PNNL

Abstract

ABSTRACT Treaty verification, environmental surveillance, and physics experiments continue to require increased sensitivity for detecting and quantifying radionuclides of interest using gamma-ray spectrometry. This can be accomplished by establishing high detection efficiency and reducing instrument backgrounds. A current effort for increased sensitivity in high resolution gamma spectroscopy will produce an intrinsic germanium (HPGe) array designed for high detection efficiency, ultra-low-background performance, and useful coincidence efficiencies. The system design is optimized to accommodate filter paper samples, e.g. samples collected by the Radionuclide Aerosol Sampler/Analyzer (RASA). The system will provide high sensitivity for weak collections on atmospheric filter samples, as well as offering the potential to gather additional information from more active filters using gamma cascade coincidence detection.
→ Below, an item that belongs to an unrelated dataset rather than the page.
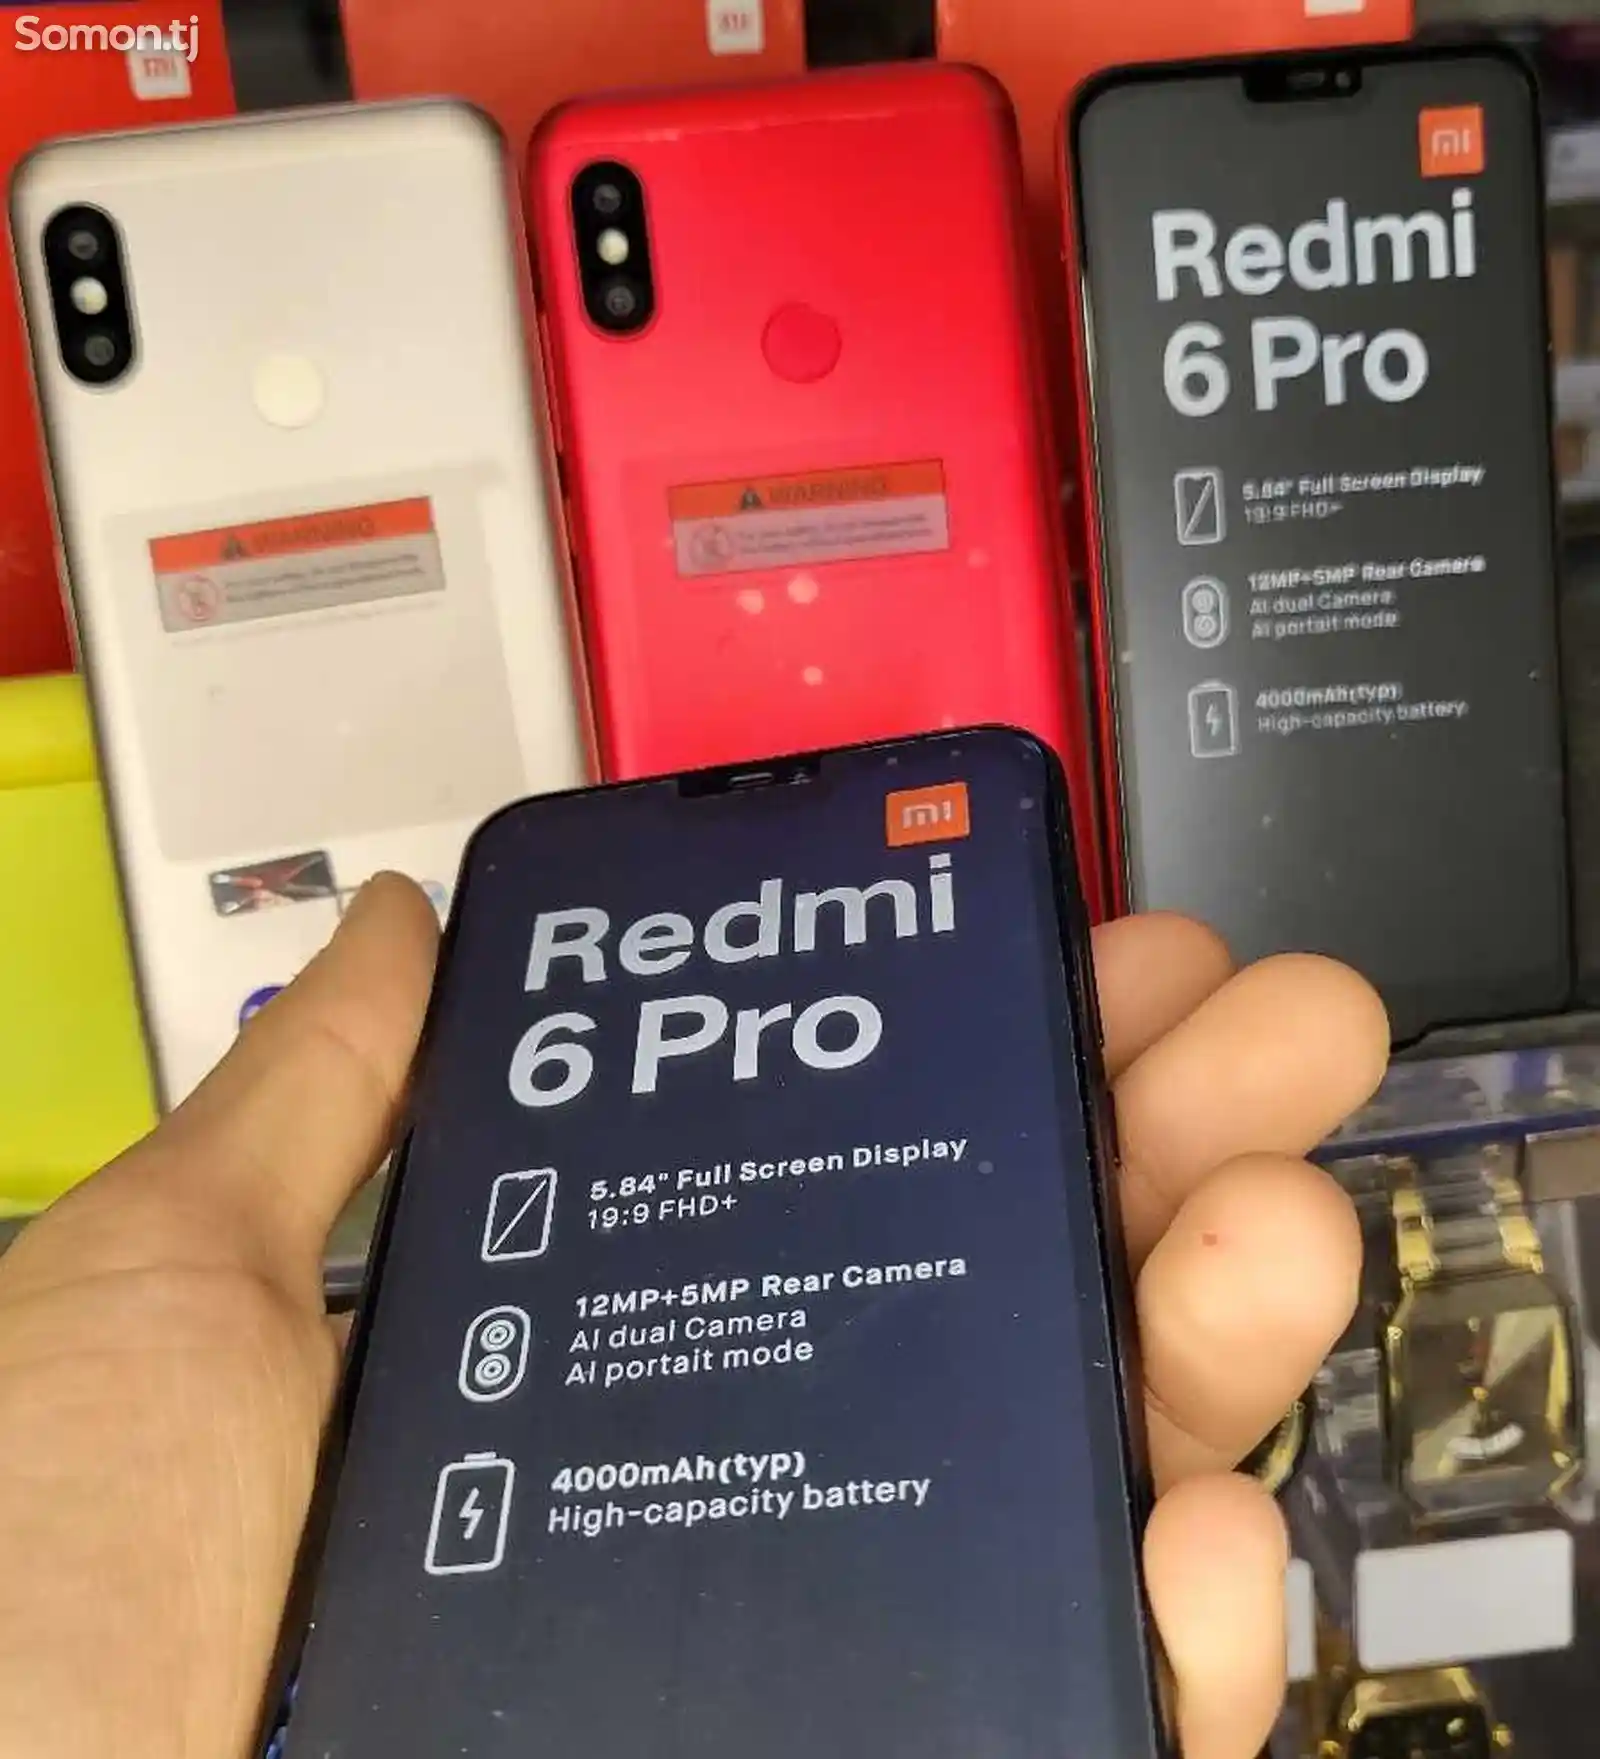 Xiaomi Redmi 6 Рro, 64gb-4

The instrument will also be capable of making advances in low-dose neutron activation analysis. The first of two ultra-low-background vacuum cryostats has been assembled, with a second in progress. Traditional methods for constructing ultra-low-background detectors were followed, including use of materials known to be low in radioactive contaminants, use of ultra pure reagents, clean room assembly, etc. The cryostat is constructed mainly from copper electroformed into near-final geometry at Pacific Northwest National Laboratory. Details of the detector assembly, vacuum tests, and test measurement results are presented.